Соня этого не понимала. Или понимала слишком хорошо.
Соня – моя бывшая жена. Ей тогда было тридцать пять. Логопед в детской поликлинике. Ирония – она учила детей говорить, а я замолчал. Не сразу. Постепенно. Как и слеп – постепенно. Сначала перестал рассказывать, как прошёл день. Потом – отвечать на вопросы длиннее, чем «нормально». Потом – поворачивать голову в её сторону, когда она входила в комнату. Зачем поворачивать, если всё равно не вижу.
Она всегда носила тёмно-синее. Пальто, свитера, платки. Я это знал не потому, что замечал, – просто тёмно-синий был последним цветом, который я различал. Остальные превратились в серо-бежевую кашу. А её синий держался. Как маяк. Пока не погас и он.
В октябре две тысячи двадцать четвёртого Соня ушла. Мне было тридцать девять. Я услышал, как она собирает вещи – шорох ткани, стук вешалок, «чвак» молнии на сумке. Она что-то сказала. Что-то важное, наверное. Я не запомнил. Помню только, что она оставила что-то на столе. Конверт или записку. Я не разобрал – к тому времени буквы уже расплывались в сплошное пятно.
Через четыре месяца, в феврале двадцать пятого, свет погас окончательно.
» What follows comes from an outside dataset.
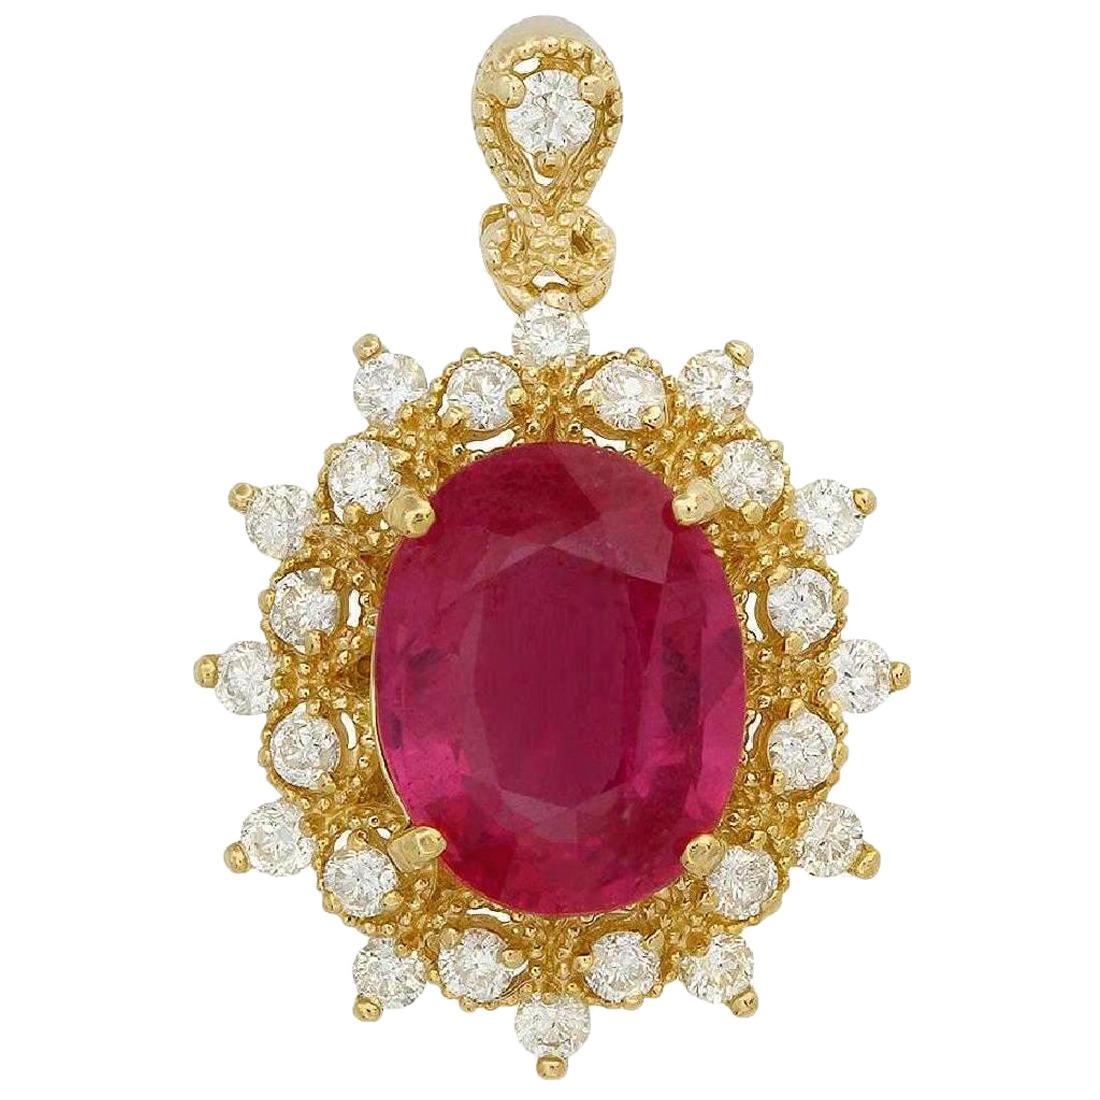 Collier en or jaune massif 14 carats avec rubis rouge naturel de 6,70 carats et diamants naturels

Не метафора – офтальмолог так и сказал: «Зрительный нерв больше не передаёт сигнал». Я сидел в кабинете и думал, что это очень точная формулировка. Сигнал. Как будто я – телевизор, который отключили от антенны. Экран есть. Только показывать нечего.
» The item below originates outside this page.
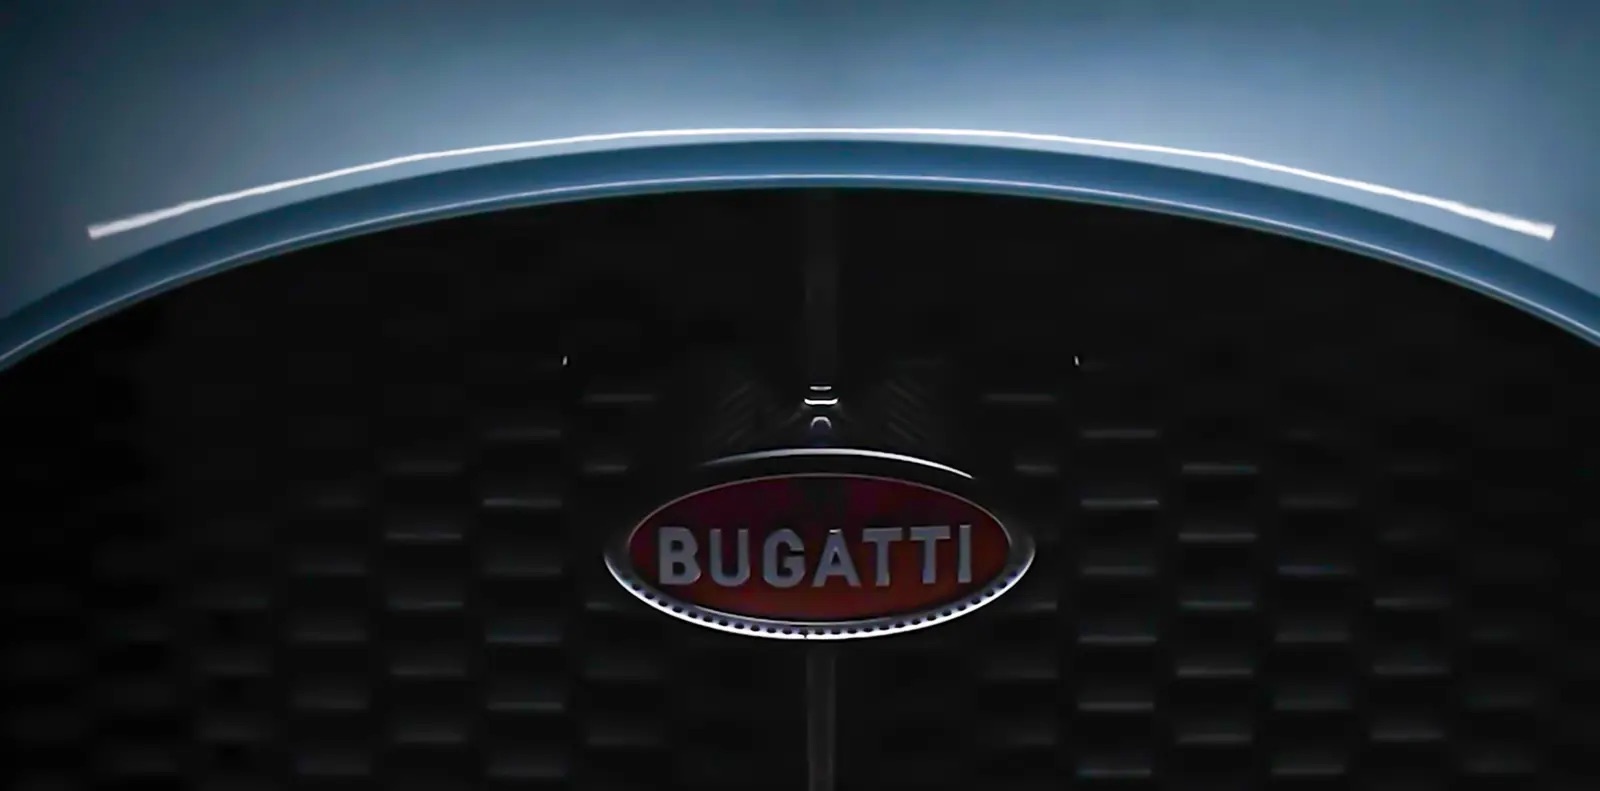 بوغاتي ستقوم  بإطلاق خليفة سيارة شيرون بمحرك V16 في 20 يونيو الجاري

Я вернулся домой. Сел на диван. И не встал.
Тринадцать месяцев. Я потом посчитал. С февраля двадцать пятого по март двадцать шестого. Тринадцать месяцев я не выходил из квартиры.
Квартира – однокомнатная, первый этаж, Ново-Савиновский район. Я переехал сюда после развода. Точнее – после того, как Соня ушла, а я не стал удерживать. Мебель стояла вдоль стен. Диван у одной, шкаф у другой, стол у окна. В центре – пусто. Я так расставил специально. Чтобы не натыкаться. Четыре шага от дивана до кухонной двери. Семь – до ванной. Девять – до входной. Я знал эту квартиру ногами.
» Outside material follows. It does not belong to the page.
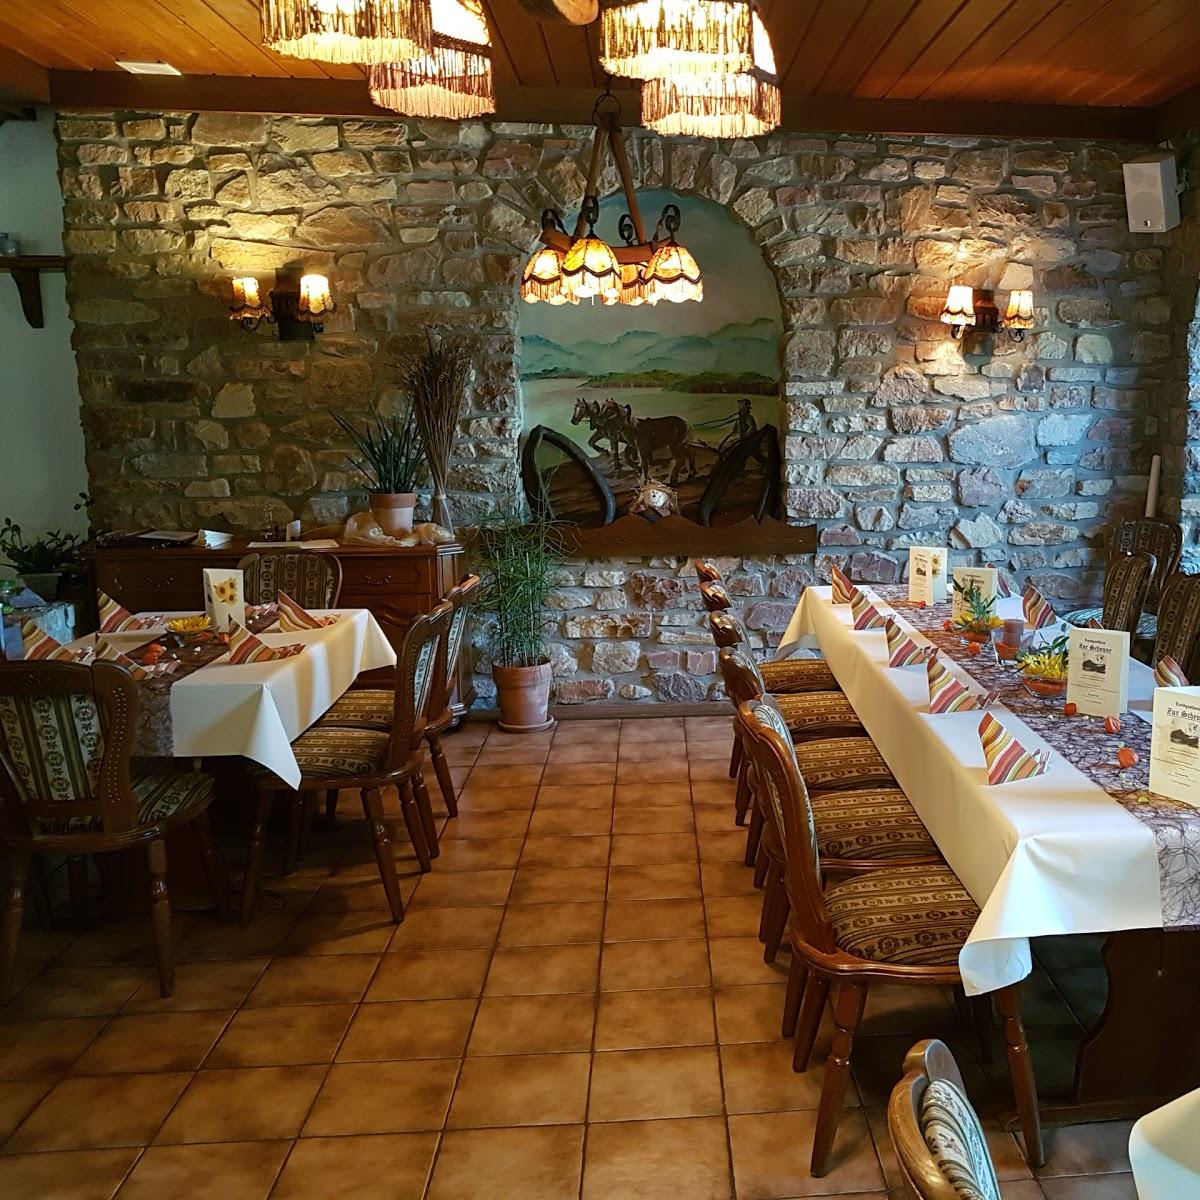 Restaurant "Landgasthof zur Scheune" in Baumholder

Лёня приходил. Я слышал его шаги на лестнице – тяжёлые, но мягкие, будто кто-то большой старается не греметь. Стук в дверь. Его голос – низкий, с хрипотцой на согласных, глотает окончания.
– Руст, открой. Я принёс еду.
Я не открывал.
– Руст, я серьёзно. Ты там живой?
Живой. Если это можно назвать жизнью. Я лежал. Ел то, что оставалось – крупы, макароны, консервы. Раз в две-три недели заказывал доставку – научился тыкать в экран телефона по памяти, голосовой помощник зачитывал меню. Я не мылся по три дня. Иногда по пять. Не стирал одежду, пока она не начинала пахнуть так, что даже я замечал.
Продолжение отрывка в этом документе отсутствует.